All of this, of course, is done inside a deep learning model: an LSTM. The multi-lingual translation is achievable in the single model by adding a token for the destination language in the input. For example, if one wanted to translate “Hello, my name is Bob” to Spanish, the input would be “<2es> Hello, my name is Bob”.
A further exciting observation made by researchers from Google Brain is that the system does not need to be told what language the input is in, disambiguating the difficult cases on its own. Take the word “burro” for instance: it means “butter” in Italian but “donkey” in Spanish. Even for words that have the same spelling but different meanings in different languages, the system is usually able to discriminate based on context.

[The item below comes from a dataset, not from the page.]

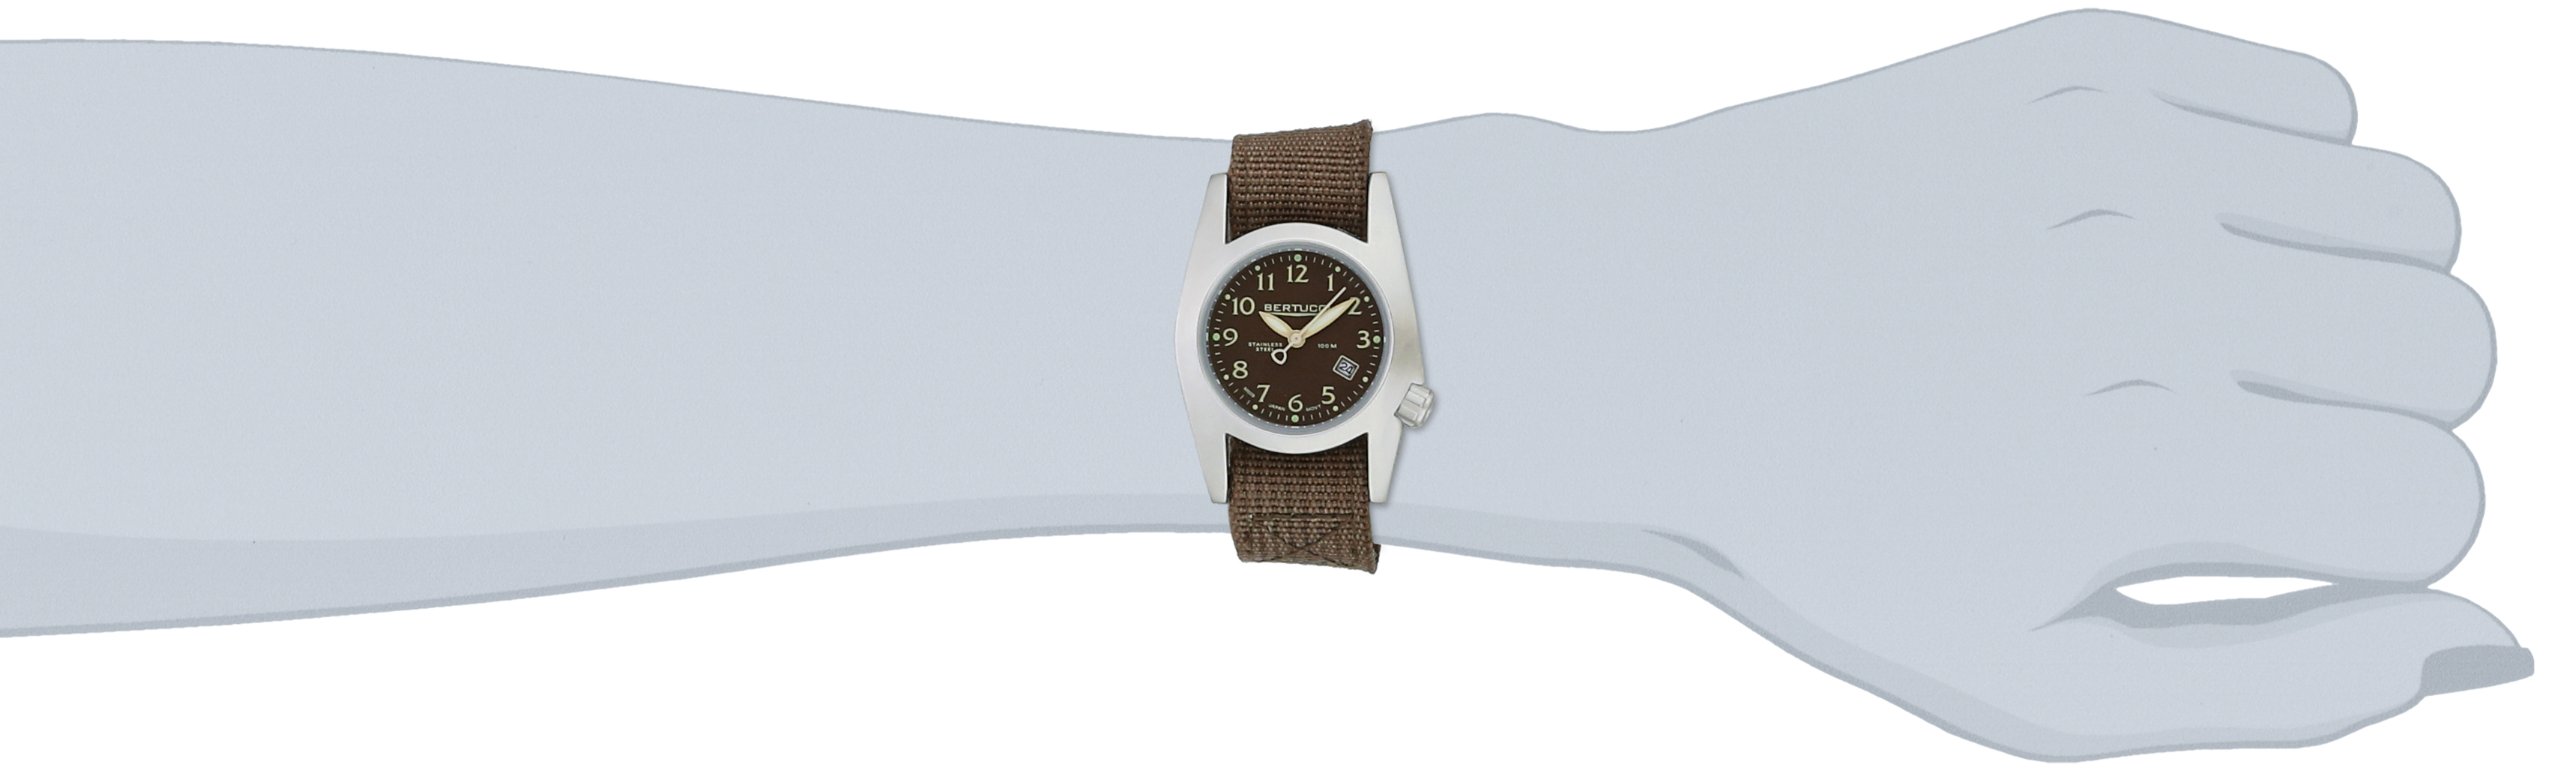 Bertucci Women's 18006 M-1S Durable Stainless Steel Field Watch

The model learns an “encoder” LSTM and a “decoder” LSTM; it has a similar appearance to multi-layer auto-encoders. The centre contains an attention model, and the layer just before the attention is the one that outputs the “common encoding”: a semantic representation of the input that is language-independent.
Being Google, as well as testing on the benchmark datasets in machine translation, they used their own internal dataset, which is probably very large and certainly very private. The code is very private too, but the researchers have given us an insight into the kind of infrastructure they needed: 100 (presumably state-of-the-art) GPUs, trained for over 3 weeks. The results are impressive, beating state-of-the-art ad-hoc models in a few cases. For a single model developed for multiple languages, Google’s NMT system provides a great advantage, and we should expect ever better translations from Google Translate as a consequence.